Forty-eighth Edition - Monday, 12th

Every week, a complete snapshot of what happened around the world in the past seven days

 

World convergence of free trade might be at serious risk now that US President Trump has announced a combination of tariffs that will hurt steel with a 25% and aluminium with a 10% import tariff. The measure is allegedly aimed at preventing cheap Chinese steel to flood the US market and is justified as a protection for national security purposes. “A strong steel and aluminium industry are vital to our national security,” Mr Trump said. This move is meant to fulfil Mr Trump’s promise to protect US steel industries, which were severely hit by last crisis and saw a sharp decrease in their output from 8 million tonnes to 4 million tonnes in 2009 and are strong in swing state that helped elect Mr Trump in 2016.

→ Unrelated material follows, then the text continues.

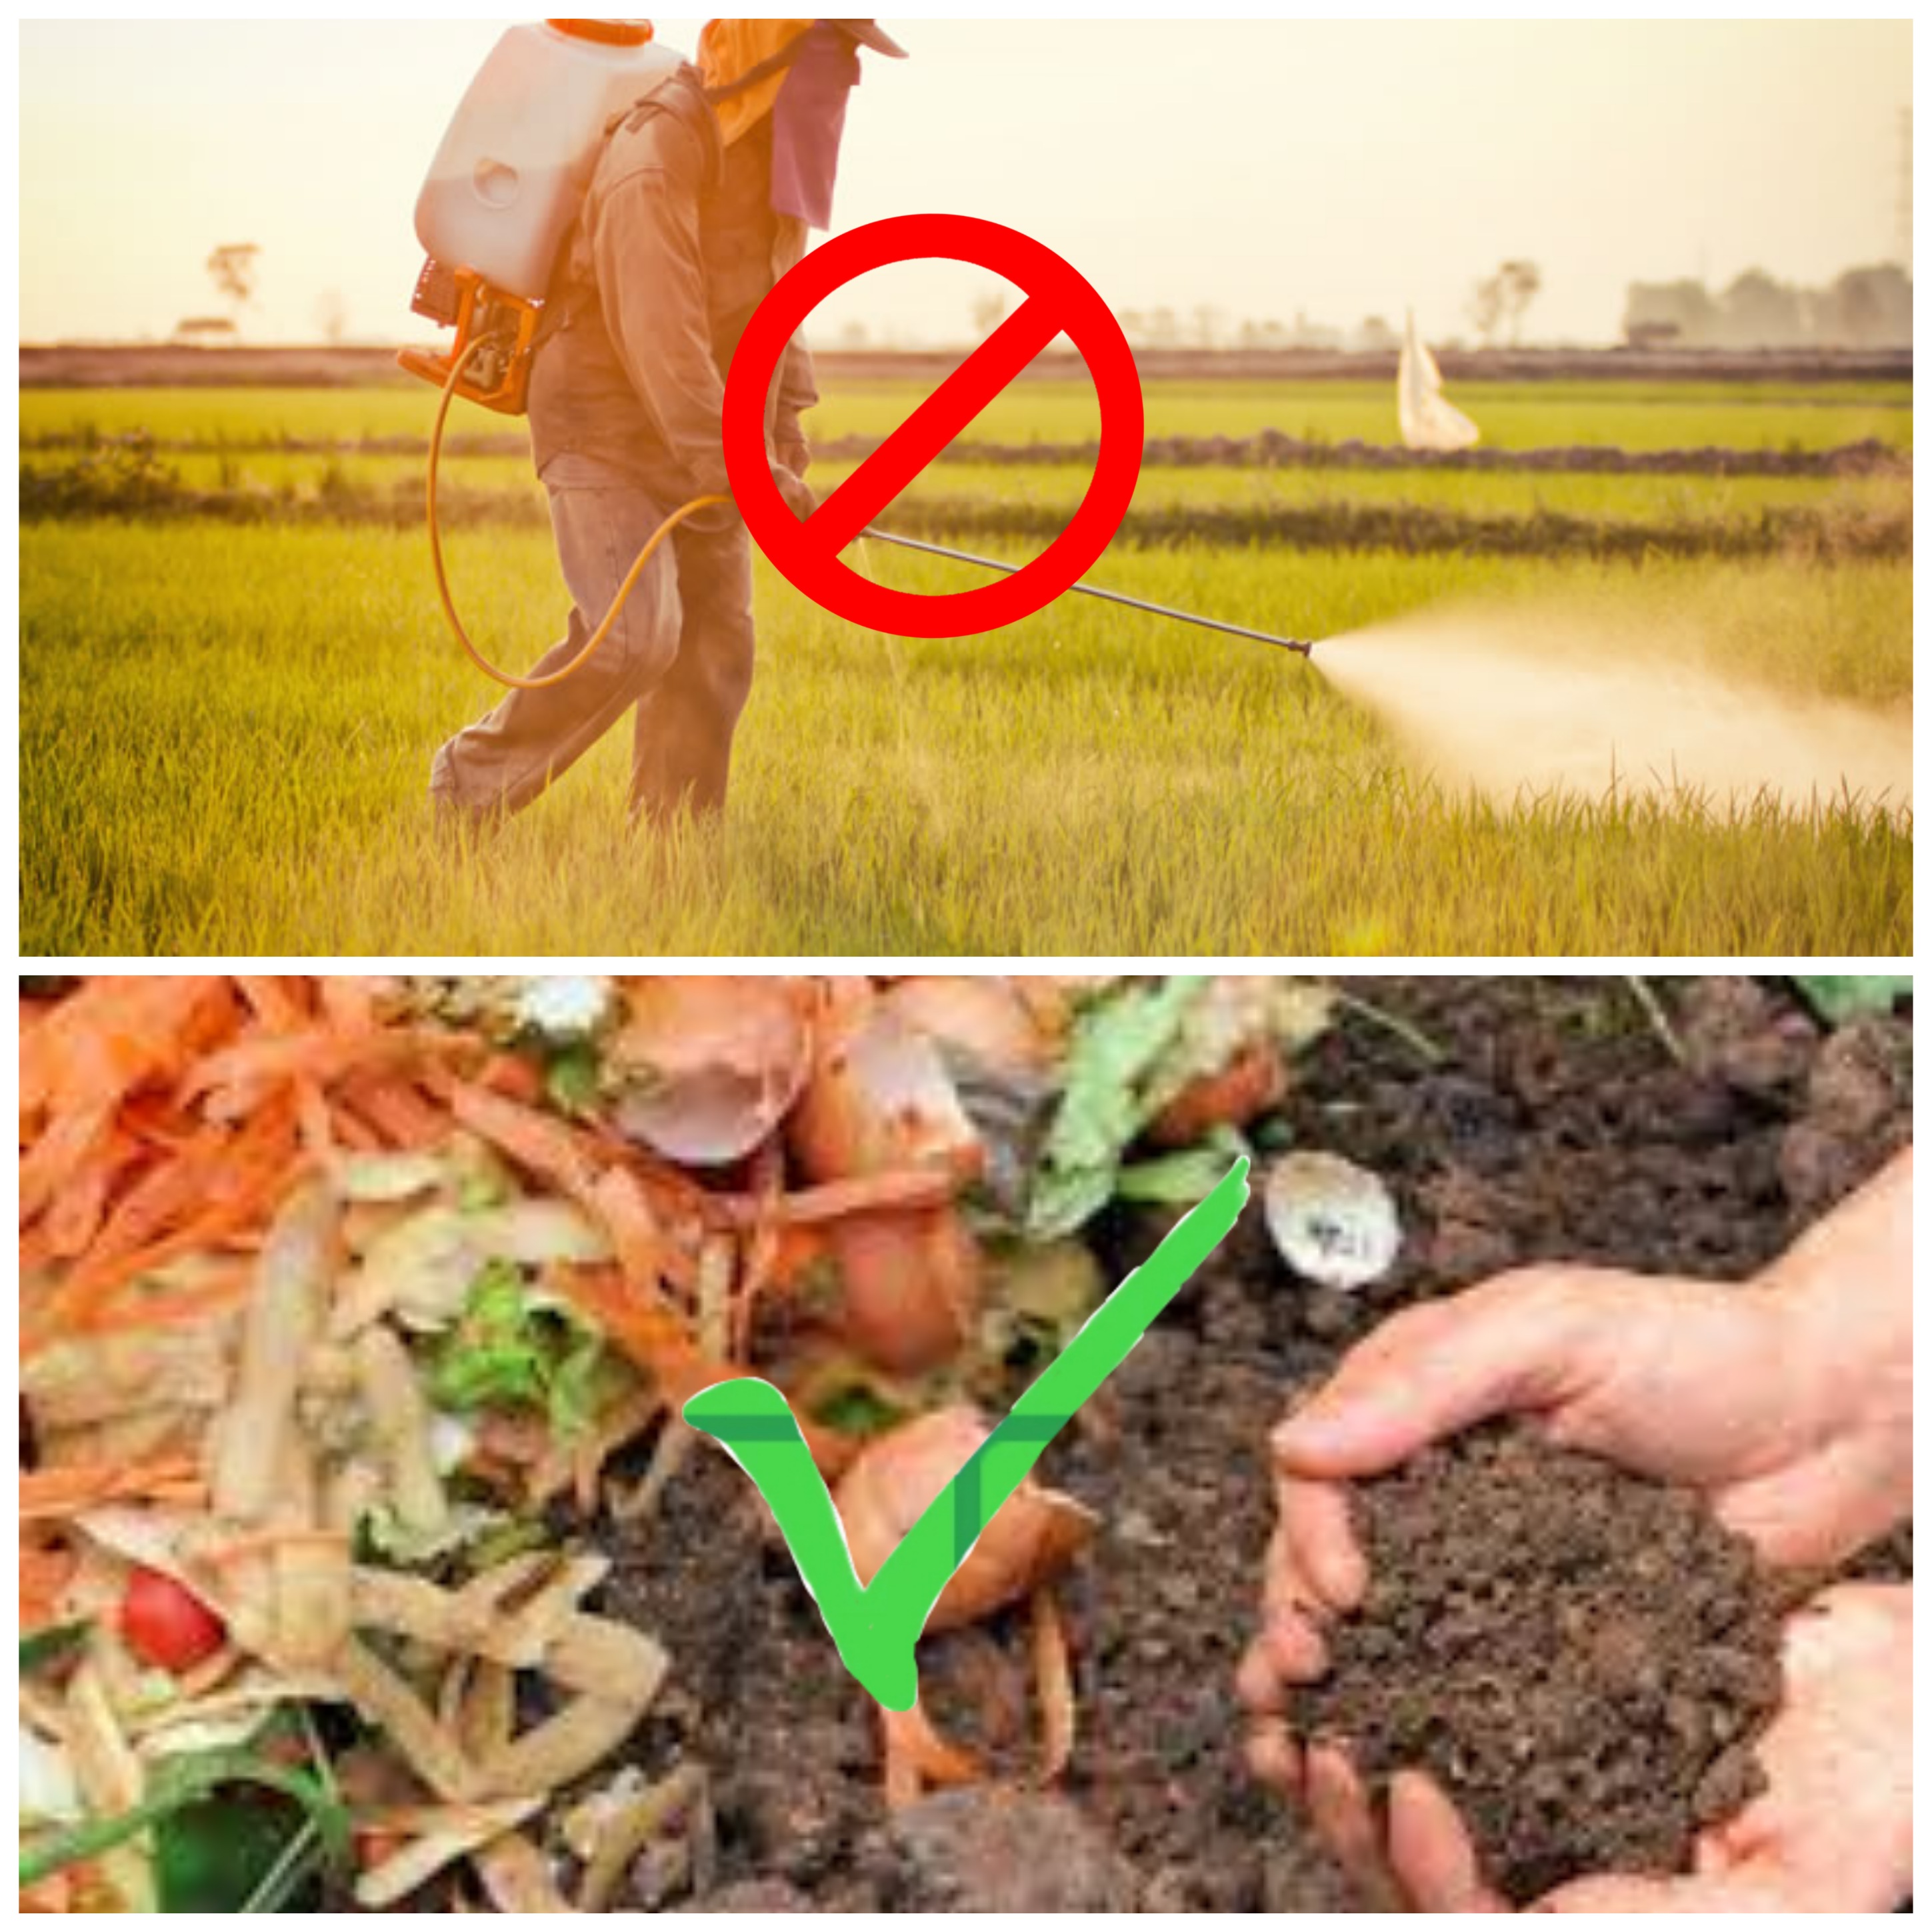 Avoid chemical fertilizers

While some read future contracts for key commodities drops on the Chinese markets as a response to the notice of American protectionist manoeuvre, the picture may be more complex. Analysts at Nomura expect US tariff to have “little impact” on China’s exports, for the moment, even if they envisage future difficulties in the trade relationship between the two superpowers. Chinese steel, in fact, accounts for only 2% of the US market, and the tariff were expected to have a much larger impact on Canada and Mexico, which are the biggest steel exporters to the US.

The decision was received with great protest even within Republican circles, and as a result Mr Trump promptly softened the measure tweeting it will include an exemption for “real friends”, supposedly Mexico and Canada. While the UK and Japan claimed they will try to work to obtain exemptions, EU commissioners warn that tariffs cannot discriminate EU countries and must treat the entire Union as a trading bloc.

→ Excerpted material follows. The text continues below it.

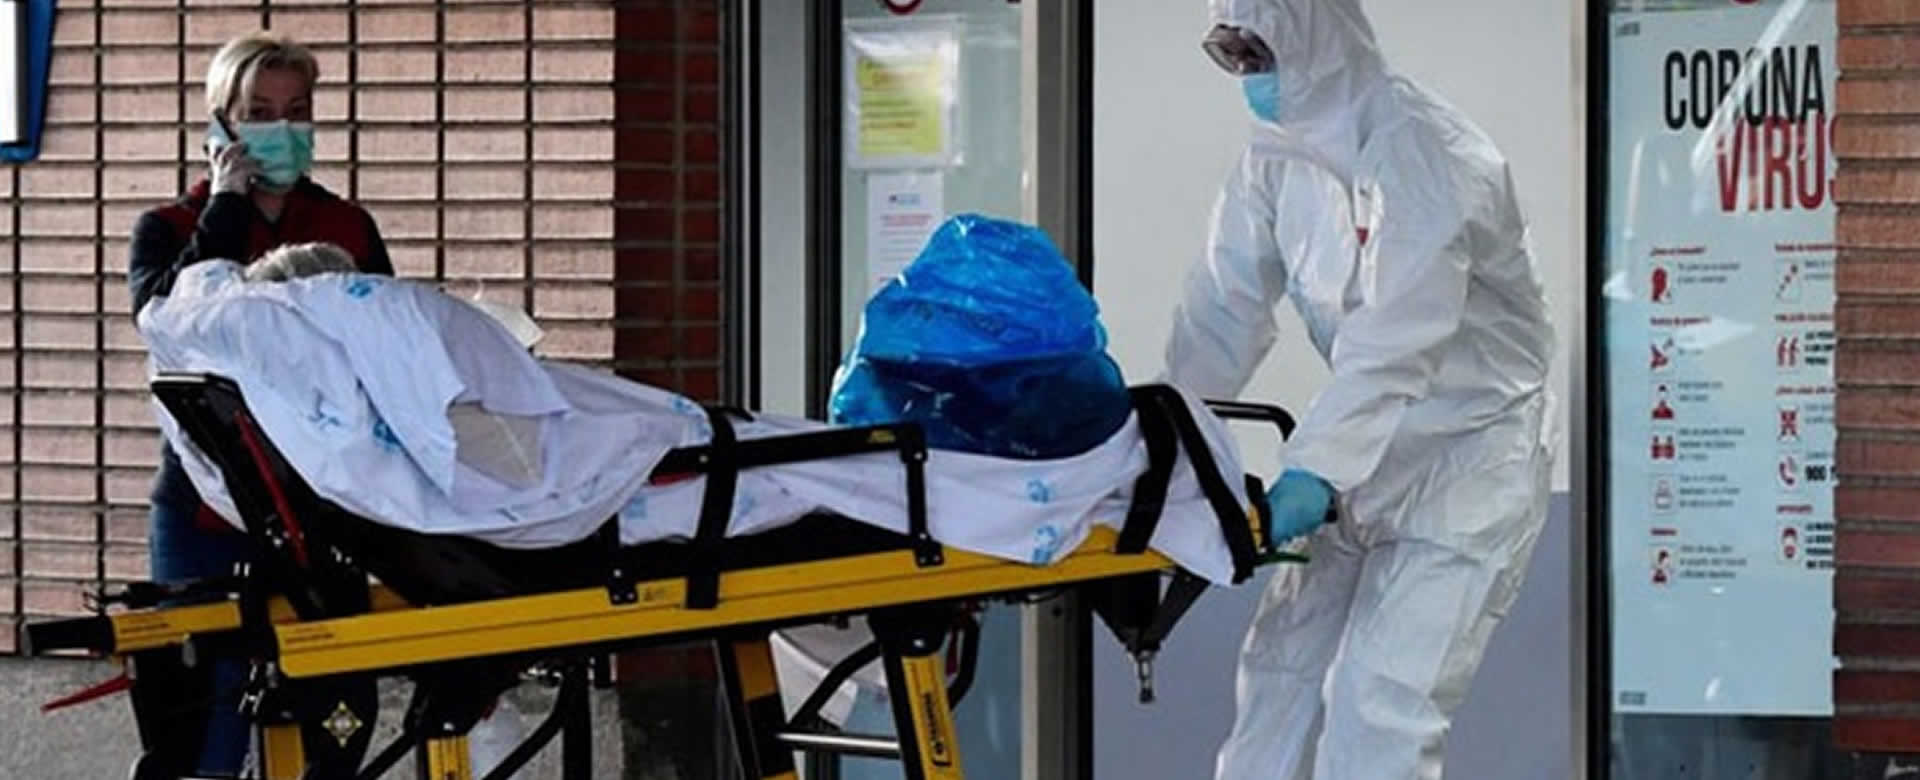 España registra 932 muertos y supera a Italia en infectados por COVID-19

European Central Bank meeting cooled Euro currency growth, which has now fallen almost 2% against the dollar, after having hit a $1.25 high in early February. Investors expected a more definitive signal by Mario Draghi towards end the expansionary monetary policy, which will finally mean a return for interest rates in positive territories, giving renovated vigour to banks’ margins which suffered a lot from hard regulation and low rates. However, Draghi declared the asset purchases will continue at the current pace of €30 billion per month until the entire Euro block achieves price stability, which is believed to mean a stable inflation rate of just below 2%. These announcements combined with concerns over Italian political stability cast doubt over single currency future recovery, with EU member countries which struggle to ensure influence over the next Governor nomination.


Chinese National People congress approves an amendment eliminating two-term limit for the president and allows Xi Jinping to lead for life. Even though the constitutional change was widely anticipated, it still raised some opposition from liberal intellectual and middle-class families, after more consensus-based system that characterized Deng Xiaoping terms led China to a flourishing growth. Advocates claim the change will allow a more centrally-controlled economy that can restructure highly-indebted state-owned enterprises and local governments and will ensure economic reforms for continued growth are promoted. A lot of concern, however, is cast over a leader which severely censors opposition and ensures 99.8% of the votes in the NPC congress, a sign he is more feared than loved even by his party comrades.

 

What to remember of last week's news?

Italian elections resulted in a completely stagnant equilibrium, with no party or coalition having enough seats in the parliament to ensure stability to a one-coloured government. Both big winners, Lega and the centre-right coalition on the one hand and the Five Star Movement on the other, are courting the Democratic Party into an alliance that is likely to be very unstable. The broad divergence about programs and policies that oppose the anti-establishment vision of both Salvini and Di Maio, and the pro-European reformatory Democratic Party, whose President Matteo Renzi, is however under attack by most of the party leaders due to the embarrassing result gathered at the election. President Sergio Mattarella is expected to indicate a candidate to form a government within the next few weeks.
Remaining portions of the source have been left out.